Clinical Connections
AMH testing is widely used in reproductive medicine because it provides insight into ovarian reserve and expected ovarian response without being tied to a specific cycle day. Its value lies in predicting how the ovaries are likely to respond, rather than whether ovulation or pregnancy will occur naturally. Interpretation always requires clinical context, as AMH reflects follicle quantity rather than oocyte quality or endocrine balance.
In practice, AMH informs several key clinical decisions:
IVF and ovulation induction, where AMH helps guide gonadotrophin dosing and predict ovarian response
Risk stratification for ovarian hyperstimulation syndrome, particularly in individuals with high AMH
Assessment of diminished ovarian reserve, including premature ovarian insufficiency
Evaluation of PCOS, where elevated AMH reflects increased small follicle numbers and contributes to altered follicular sensitivity to FSH
Low AMH levels are associated with a reduced response to ovarian stimulation and fewer retrievable oocytes during assisted reproduction, although pregnancy remains possible. Very low or undetectable AMH may indicate premature ovarian insufficiency or gonadal dysgenesis, particularly when accompanied by menstrual disturbance or elevated gonadotrophins. In contrast, high AMH in PCOS reflects accumulation of small follicles rather than enhanced fertility and is linked to disrupted follicular progression and anovulation.
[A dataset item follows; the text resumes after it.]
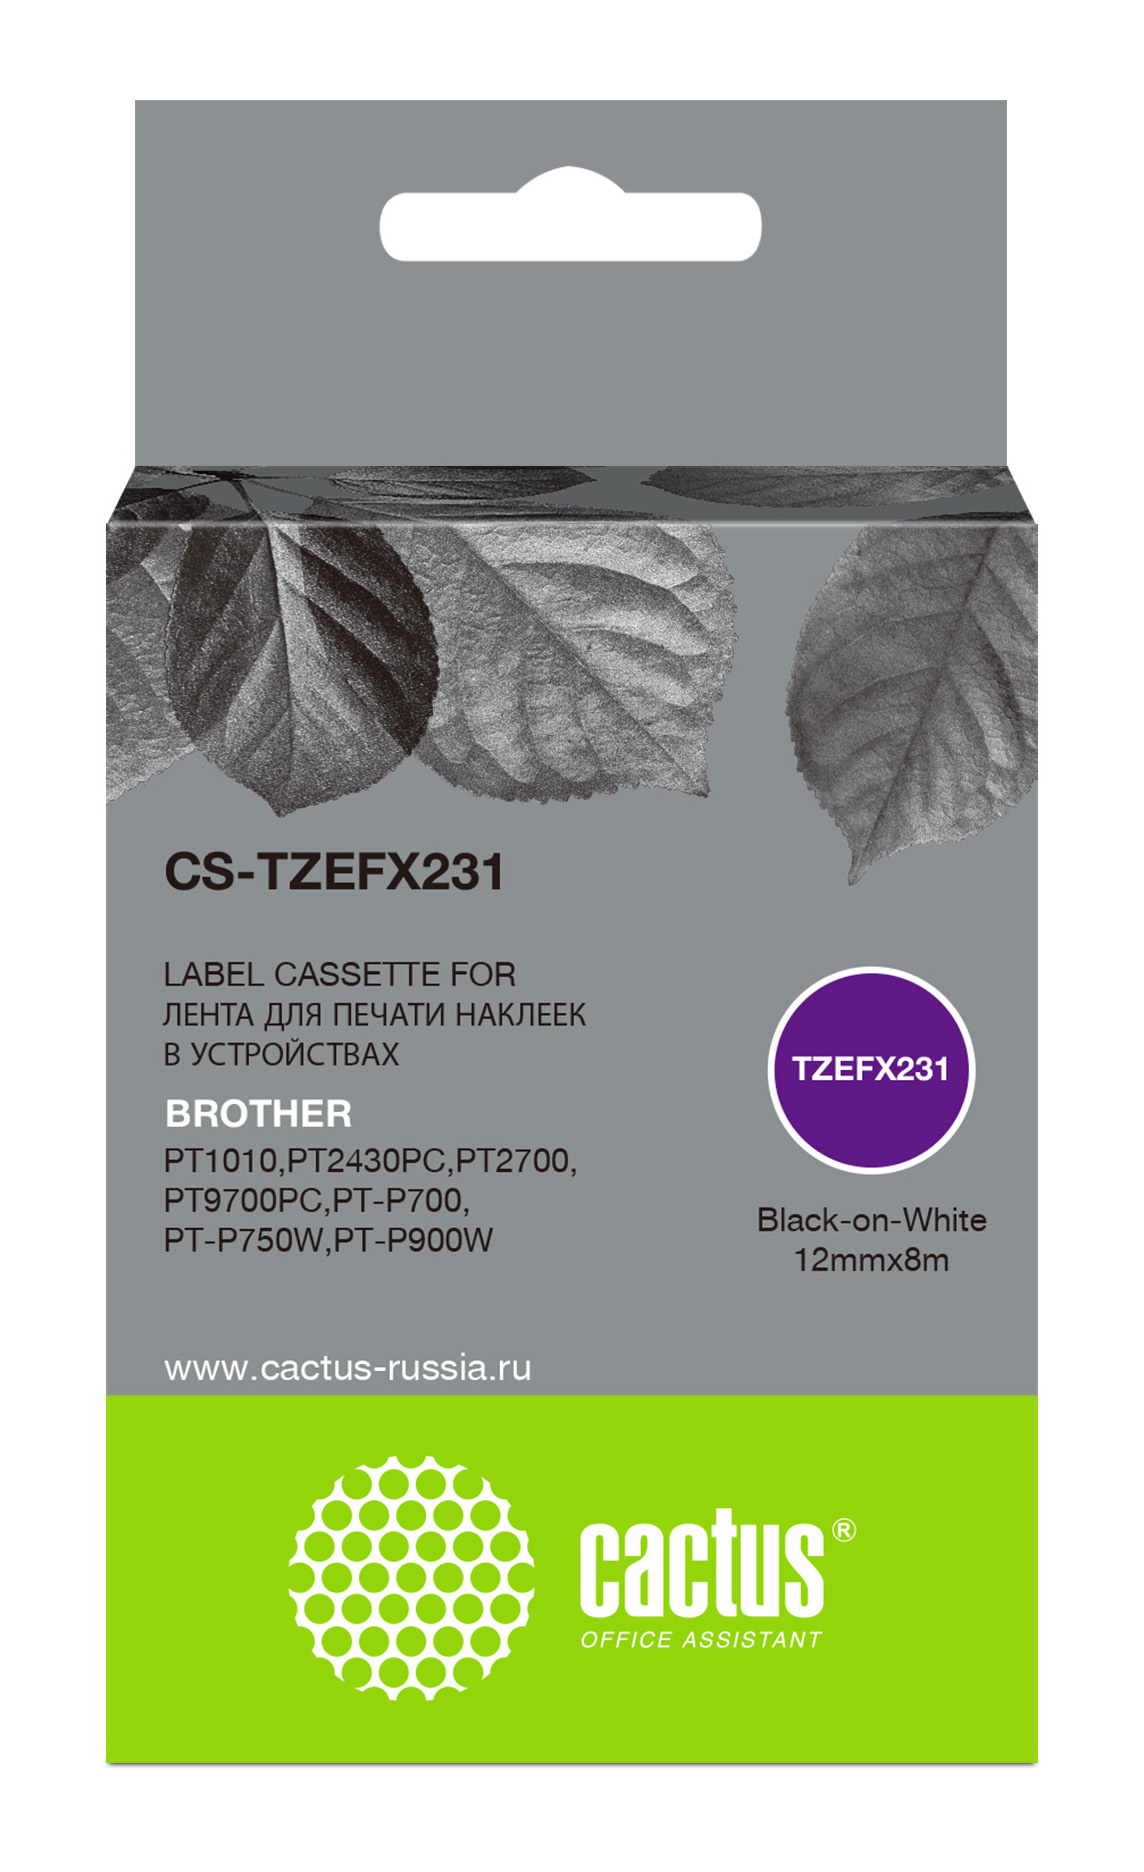   E2E4 Кассета с наклейками Cactus CS-TZEFX231, 1.2 см x 8 м, черный на белом, совместимая
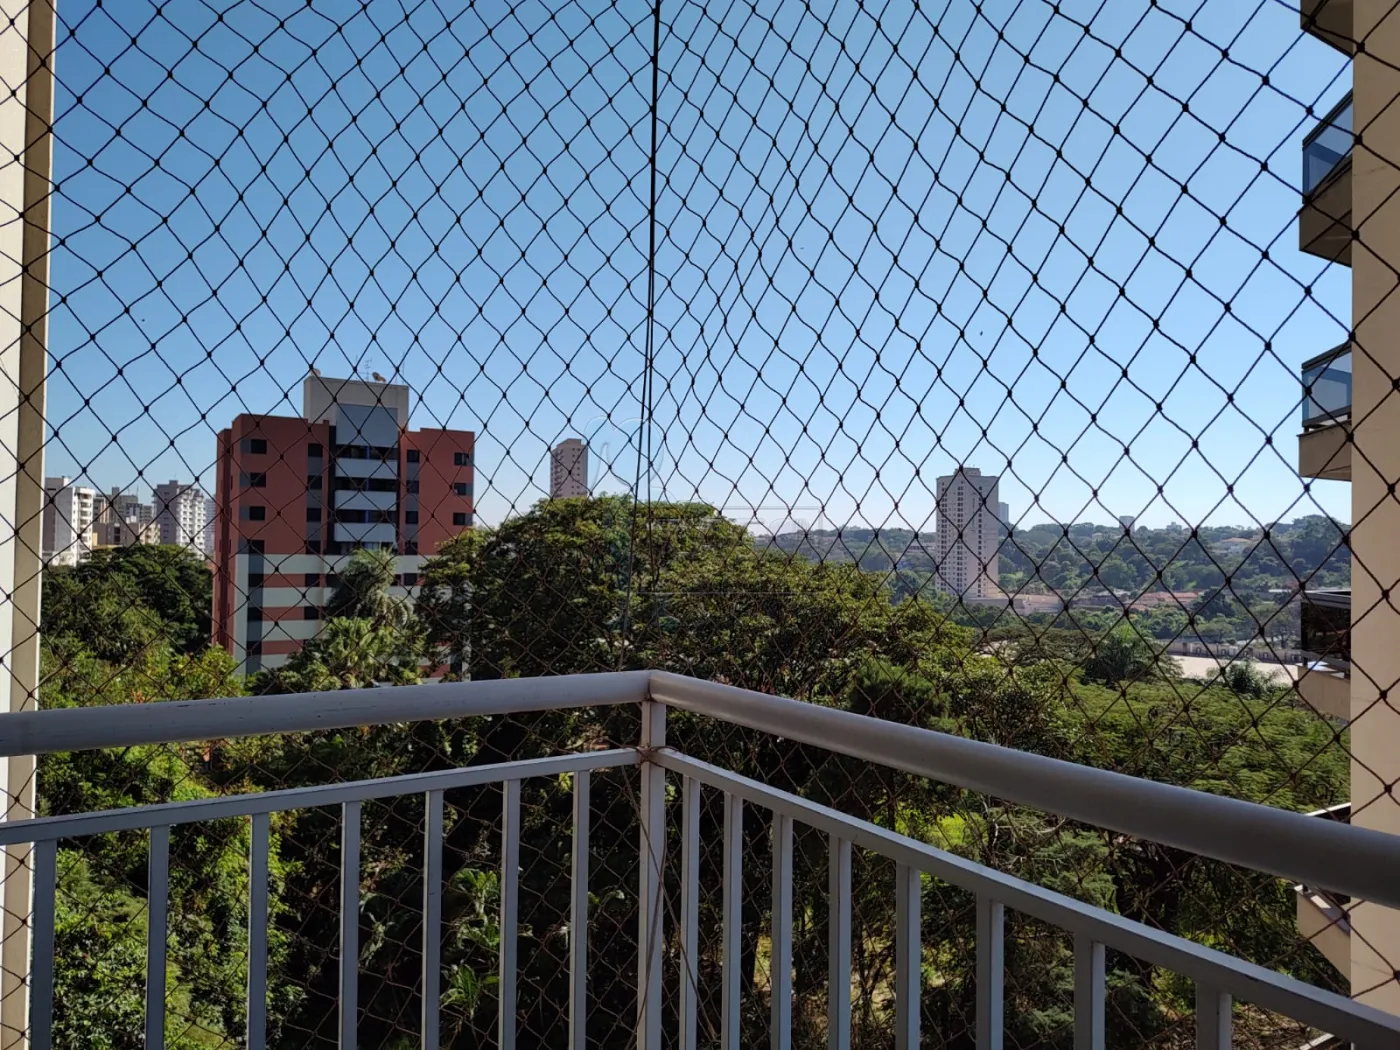 Comprar Apartamentos / Padrão em Ribeirão Preto R$ 380.000,00 - Foto 15

In males, AMH measurement has diagnostic value in early life rather than adult fertility assessment. It assists in evaluating disorders of sex development, particularly in infants with ambiguous genitalia. Detectable AMH suggests functional Sertoli cells and testicular tissue, helping differentiate undescended testes from anorchia. Rare mutations in AMH or its receptor (AMHR2) result in persistent Müllerian duct syndrome, where Müllerian structures persist despite otherwise typical male internal and external genital development.
Overall, AMH serves as a marker of reproductive potential and developmental integrity rather than active reproductive function. Its clinical utility lies in guiding investigation, counselling, and treatment planning rather than acting as a standalone predictor of fertility.
Concept Check
Why is AMH considered one of the most reliable indicators of ovarian reserve?
Which follicles produce AMH, and why does production decline as follicles mature?
How does AMH help regulate the rate of follicular recruitment and FSH sensitivity?
What does elevated AMH typically suggest in conditions such as PCOS?
What role does AMH play in male fetal development?